Wakowski also talks about privacy but not as a nostalgic lost beauty. Again her reasons for valuing privacy and agreeing to give it up are more complex. Neither her nor her brother have done interviews for over twelve years. They valued the “egalitarian invisibility” of anonymity which gives you a particular access to civic space and allows a regular participation in public life, she says.

After completing their last film Cloud Atlas, for a variety of reasons they began to discuss whether they might do interviews. During these discussions Wakowski recalled a line from one of the characters in the film. The character says: “If I had remained invisible, the truth would have remained hidden and I couldn’t allow that.”

Wakowski comments: “she says this aware that even at the moment she’s saying it that the sacrifice she has made will cost her her life…. I start to understand just how complex the relationship between visibility and invisibility has been throughout my life.”

In the rest of the speech Wakowski recounts a number of key incidents in her movement from invisibility to visibility.
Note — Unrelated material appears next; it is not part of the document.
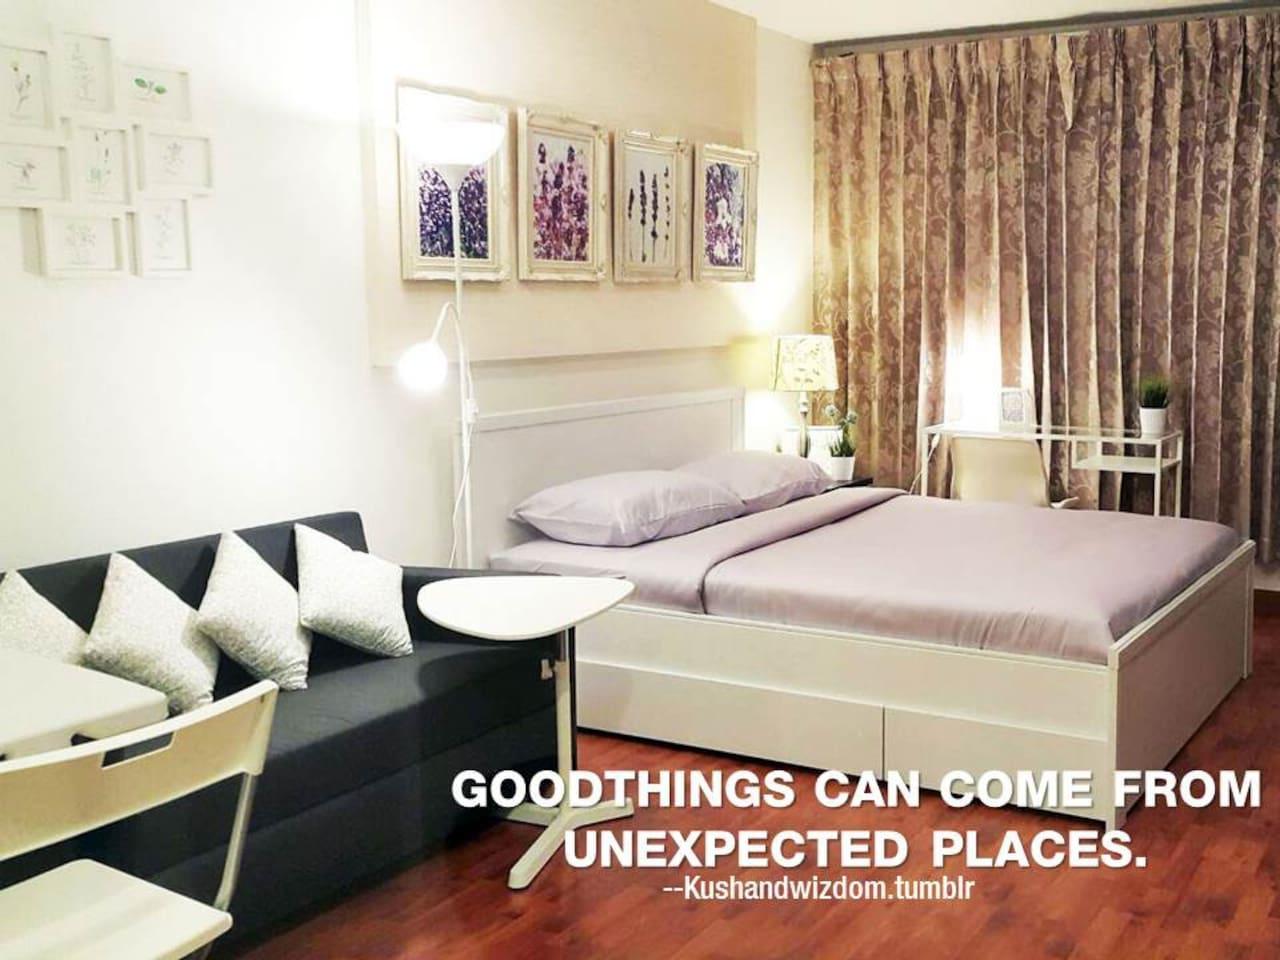 Air-condition, bed and sofa bed can sleep up to 4 people, 1 bathroom with separate area, kitchen and bathroom. With electrical appliances. ห้องแอร์ชุดเตียงคู่และเตียงโซฟา นอนได้สูงสุด 4 คน 1 ห้องน้ำ มีพื้นที่แยกส่วนครัวและห้องน้ำ พร้อมเครื่องใช้ไฟฟ้า

We live in a radically new environment that media academic Jeff Jarvis calls “the age of publicness”. He argues that the fact that we now live much of what was once regarded as private in the public domain has brought great personal and communal benefits. It enables better collaboration. It breaks down taboos. It enables the “wisdom of crowds”. And it improves relationships. It enables gay men, lesbians and trans people to live open and productive lives.

Jarvis has written about this both as a media theorist and as a public survivor of prostate cancer. He argues convincingly that by going public about his cancer in talks and blog posts he not only contributed to an environment that may encourage other men to be tested but he gained lots of useful information and support in response.

Privacy advocates are quick to remind us about the ethics of privacy. In his book Public Parts Jarvis argues that we need to think about both the ethics of privacy and the ethics of publicness. While we are certainly obliged to think carefully and act respectfully when handling the informational lives of others, we also need to think ethically about the impact of our own public declarations. Ethics are about how we contribute to the public good and we do this as much through sharing publically as we do by respecting the private lives of others. Jarvis again uses the cancer example. By being public a breast cancer patient might inspire other women to get examined, or her public declaration may even reveal a up a cluster of cancers in her environment that need investigation.

It is strikingly clear that Wakowski has thought long and hard about the ethics of publicness while Jodie Foster remains focused on the values of privacy.

Wakowski realises the public good that comes from visibility – the lives that might potentially be saved – and knows this far outweighs any abstract value that might attach to her privacy. That is often what ethical decision making is about: weighing up the relative costs and benefits of two seemingly mutually exclusive actions. She concludes:

[As a teenager] I couldn’t find anyone like me in the world and it felt like my dreams were foreclosed simply because my gender was less typical than others. If I can be that person for someone else [pause, applause] then the sacrifice of my private civic life may have value. I know I am also here because of the strength and courage and love that I am blessed to receive from my wife, my family and my friends. And in this way I hope to offer their love in the form of my materiality to a project like this one started by the HRC, so that this world that we imagine in this room might be used to gain access to other rooms, to other worlds previously unimaginable.

There may well be complex personal reasons why celebrities remain in the closet but to justify it with a nostalgic appeal to the “beautiful” days of lost privacy is no longer ethically convincing.